AI is rapidly moving from content generation into the core of how people shop online, reshaping expectations for discovery, comparison, and decision making. Onton, an AI-native commerce startup previously known as Deft, is positioning itself as a new entry point for product search in this shifting landscape. Backed by fresh funding and fast user growth, the company now aims to move beyond furniture and challenge how consumers navigate everything from apparel to electronics.
Onton’s Funding Round and Growth
Onton has closed a $7.5 million funding round led by Footwork, with participation from Liquid 2, Parable Ventures, 43, and other backers. The new capital brings the company’s total funding to around $10 million, following an earlier $1.8 million pre-seed round secured after more than 300 investor meetings. Since launch, Onton has scaled from about 50,000 monthly active users to more than 2 million, handling millions of searches and AI image generations across its platform.
Rethinking AI for E-commerce Search
Co-founder and CEO Zach Hudson argues that the core problem in e-commerce is no longer catalog size, but how people find what they actually want. He notes that large language models are strong at inferring intent, yet they have not significantly reduced the time it takes shoppers to make decisions, and in some cases have lengthened it as users bounce between retailers, chatbots, and visual platforms. Onton’s bet is that the next wave of AI shopping experiences will be defined less by generic chat interfaces and more by specialized systems that can reason about products, spaces, and trade-offs in a way that feels closer to how people actually shop.
Neuro-symbolic Technology and Conversion Impact
At the heart of Onton’s product is a neuro-symbolic architecture designed to limit hallucinations while delivering more precise and logical results. Hudson says this approach lets the system combine statistical learning with symbolic reasoning, so it can incorporate information from the real world that may not appear in a formal product description. According to the company, this technology has helped Onton convert shoppers at roughly three to five times the rate of traditional e-commerce sites, as users develop more trust in the underlying data and recommendations.
Product Experience Beyond Chat
Onton has built its interface around an infinite canvas experience, rather than relying solely on a chat box. Users can generate images, drag in existing visuals, and lay out products side by side for ideation, including uploading photos of their own rooms and asking Onton to furnish them. The goal is to give customers multiple ways to explore options, even when they are unsure how to describe their preferences with precise text queries.
Expansion Plans and Competitive Landscape
The company initially focused on furniture, but the new funding will support a push into apparel, followed by consumer electronics and other categories. Onton is already building out its catalog for clothing and plans to launch that vertical in the near term, where it will compete with startups such as Daydream, Aesthetic, and Style.ai that are also applying AI to fashion discovery. This expansion comes as major retailers like Walmart and Costco invest heavily in AI-enhanced search, logistics, and marketplace capabilities, signaling that AI-first commerce is moving from niche experiments into the mainstream.
Team Growth and Future Outlook
Onton has grown from three full-time employees in 2023 to a team of ten today, with plans to reach around fifteen by adding engineers and researchers. The company sees its relatively small, technical team as an advantage in iterating quickly on both infrastructure and user experience. With more capital and headcount, Onton aims to deepen its technology stack while scaling its role as a neutral starting point for online shopping across multiple categories.

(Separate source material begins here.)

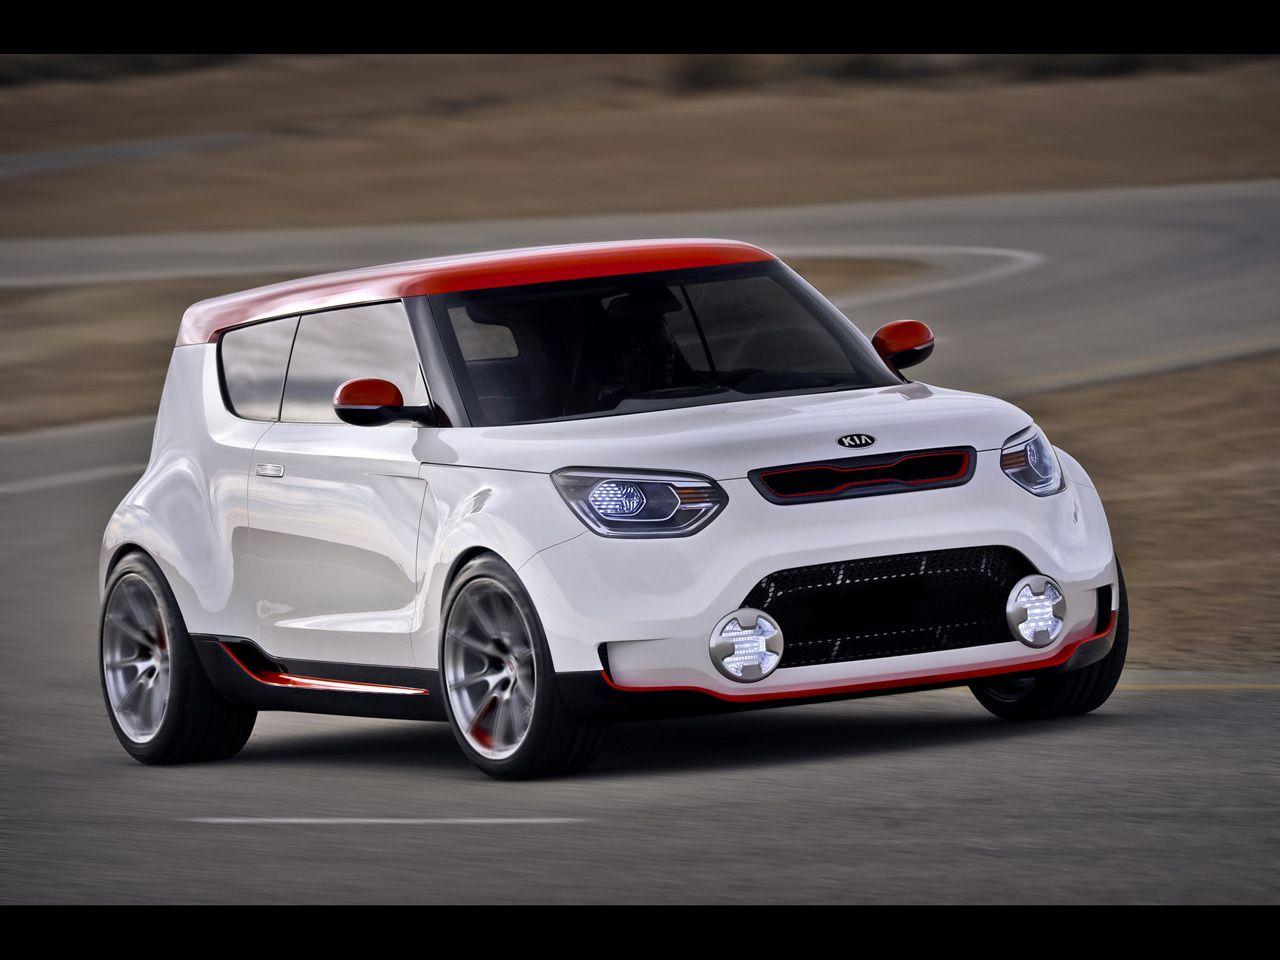 New Kia Soul for 2013 Frankfurt Motor Show (not the Soul). Oh My

As AI becomes embedded in every stage of retail, from search to fulfillment, Onton is betting that consumers will gravitate toward interfaces that feel more like creative workspaces than static product grids. By combining neuro-symbolic models, visual canvases, and category-specific experiences, the startup aims to shorten decision cycles and make online shopping feel more intuitive. Its latest funding round gives it room to test that thesis on a larger scale, in a market where both tech giants and emerging players are racing to define the next default way to shop.